→ Exercise aim:
Every line of the material is to be returned verbatim. Pictures stay out.

→ Data segment:

#####

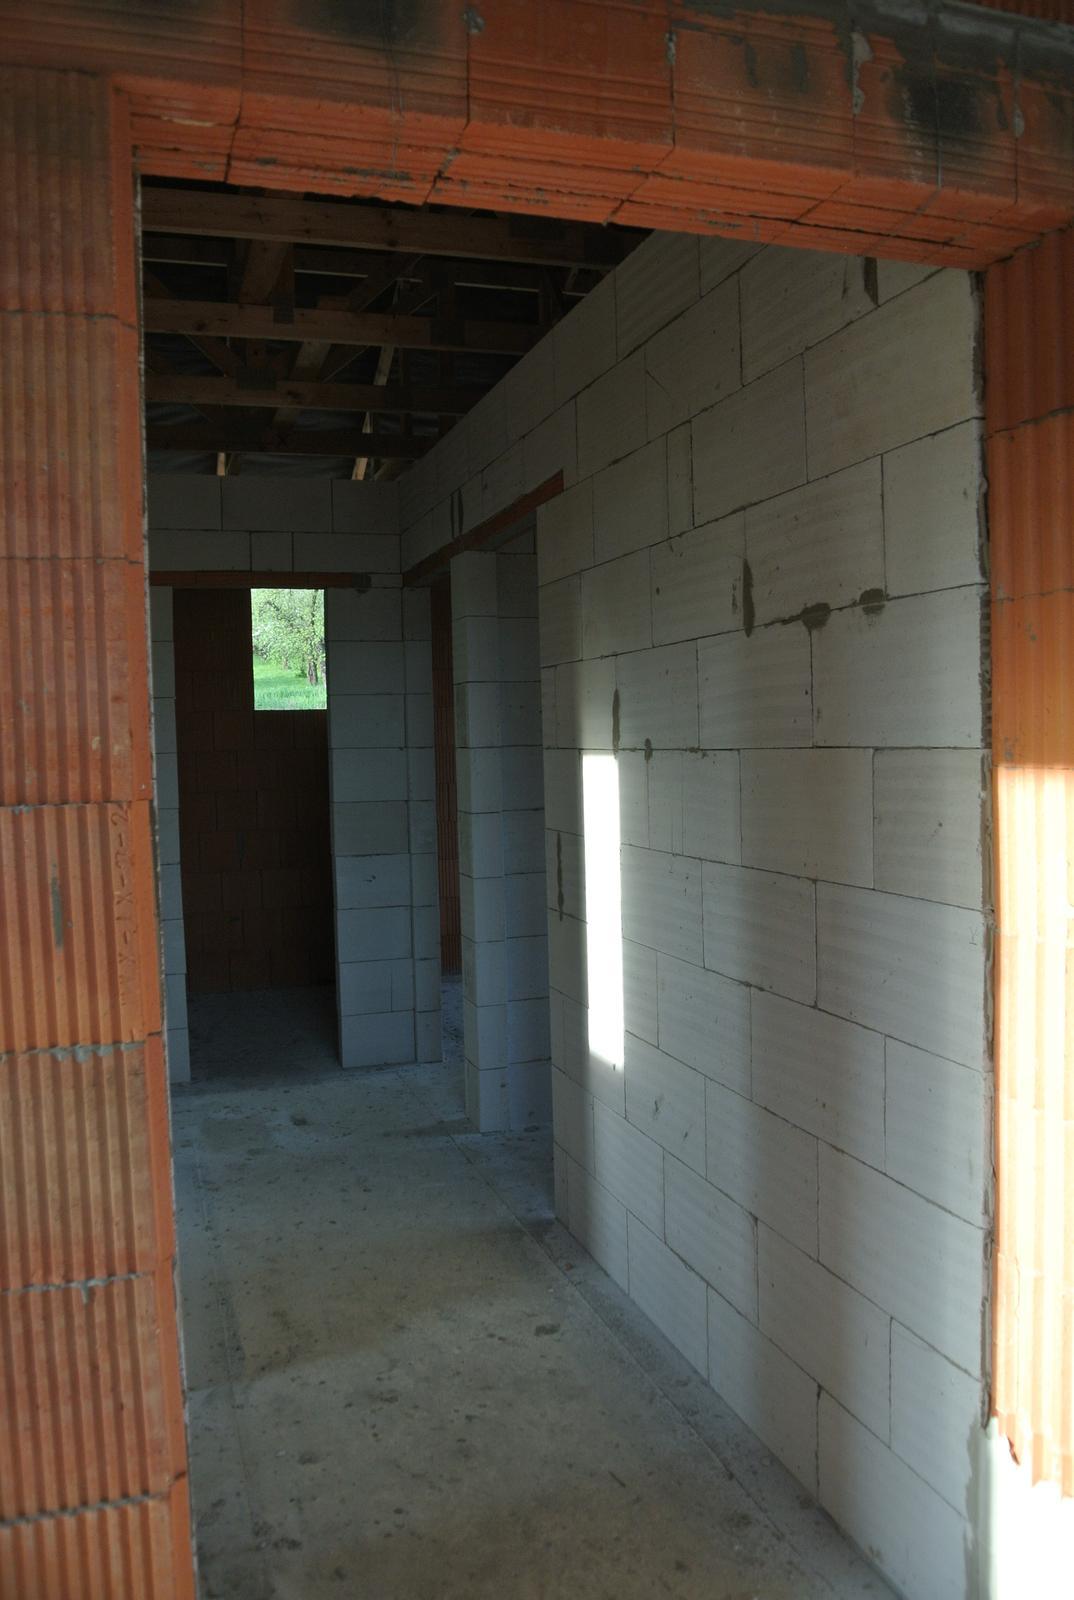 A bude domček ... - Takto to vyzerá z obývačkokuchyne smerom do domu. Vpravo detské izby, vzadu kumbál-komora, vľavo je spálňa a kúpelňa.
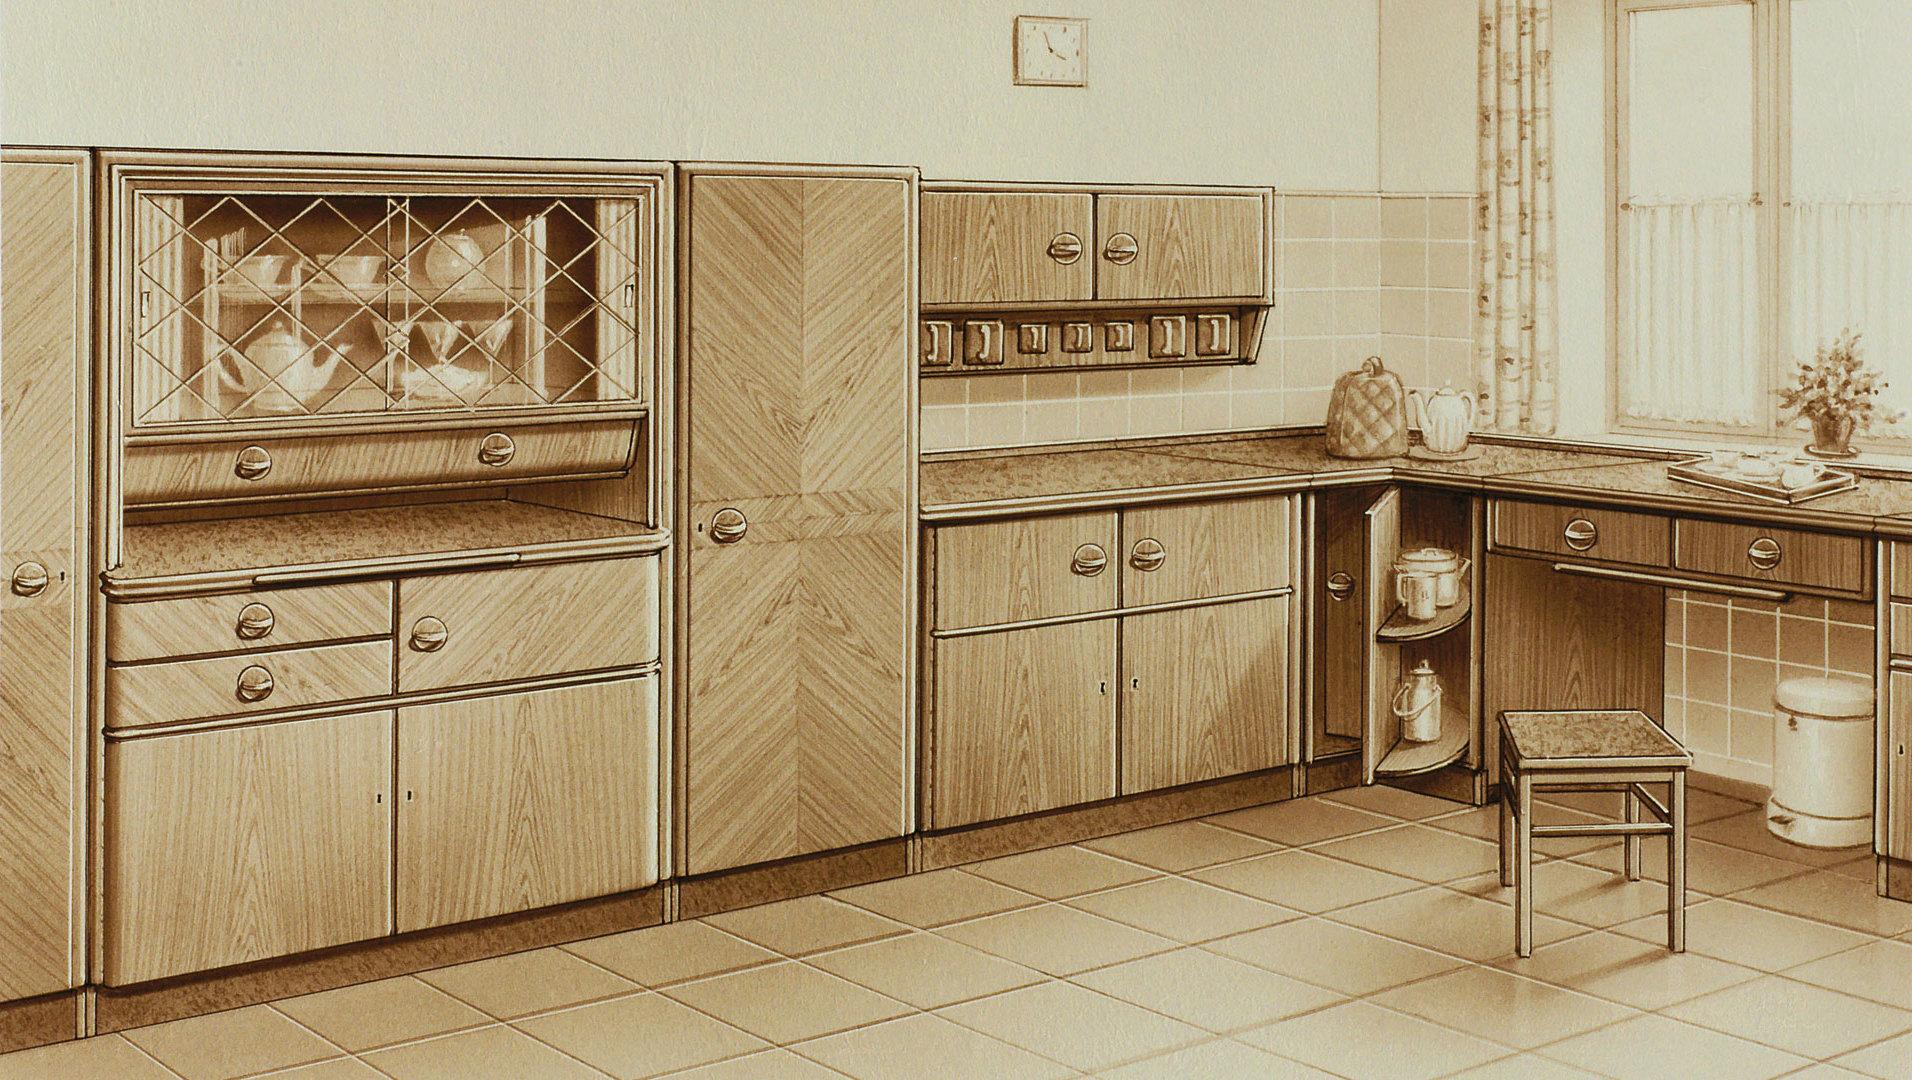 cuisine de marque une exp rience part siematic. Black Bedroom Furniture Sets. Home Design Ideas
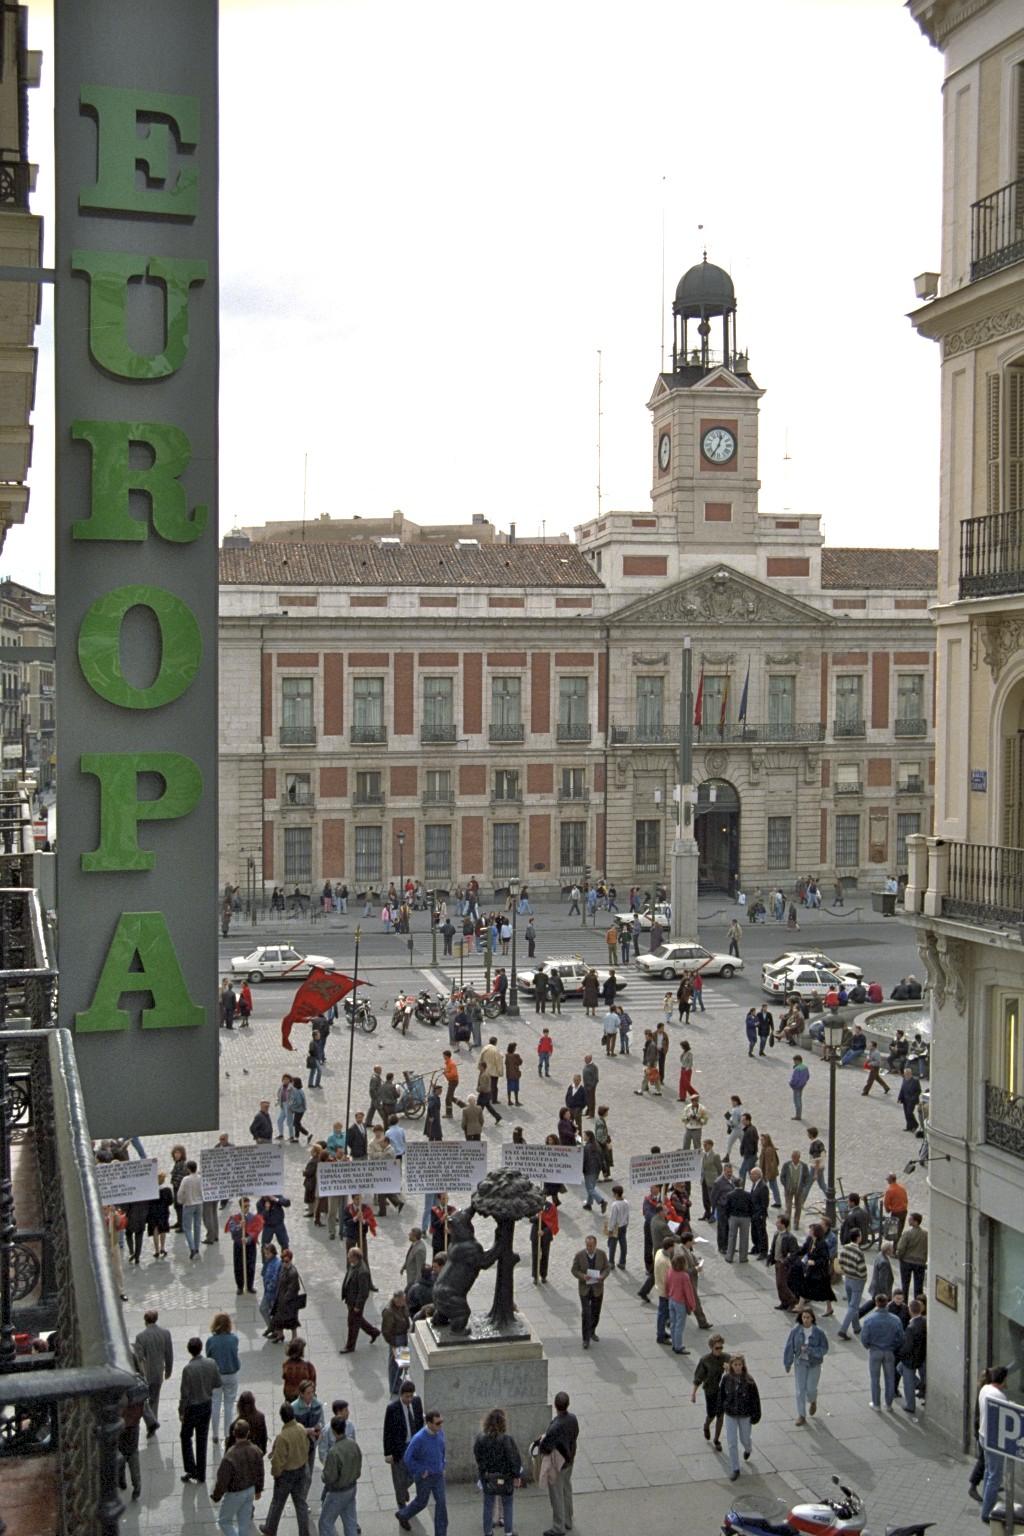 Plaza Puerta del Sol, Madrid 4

#####

→ Task result:
 A bude domček ... - Takto to vyzerá z obývačkokuchyne smerom do domu. Vpravo detské izby, vzadu kumbál-komora, vľavo je spálňa a kúpelňa.
 cuisine de marque une exp rience part siematic. Black Bedroom Furniture Sets. Home Design Ideas
 Plaza Puerta del Sol, Madrid 4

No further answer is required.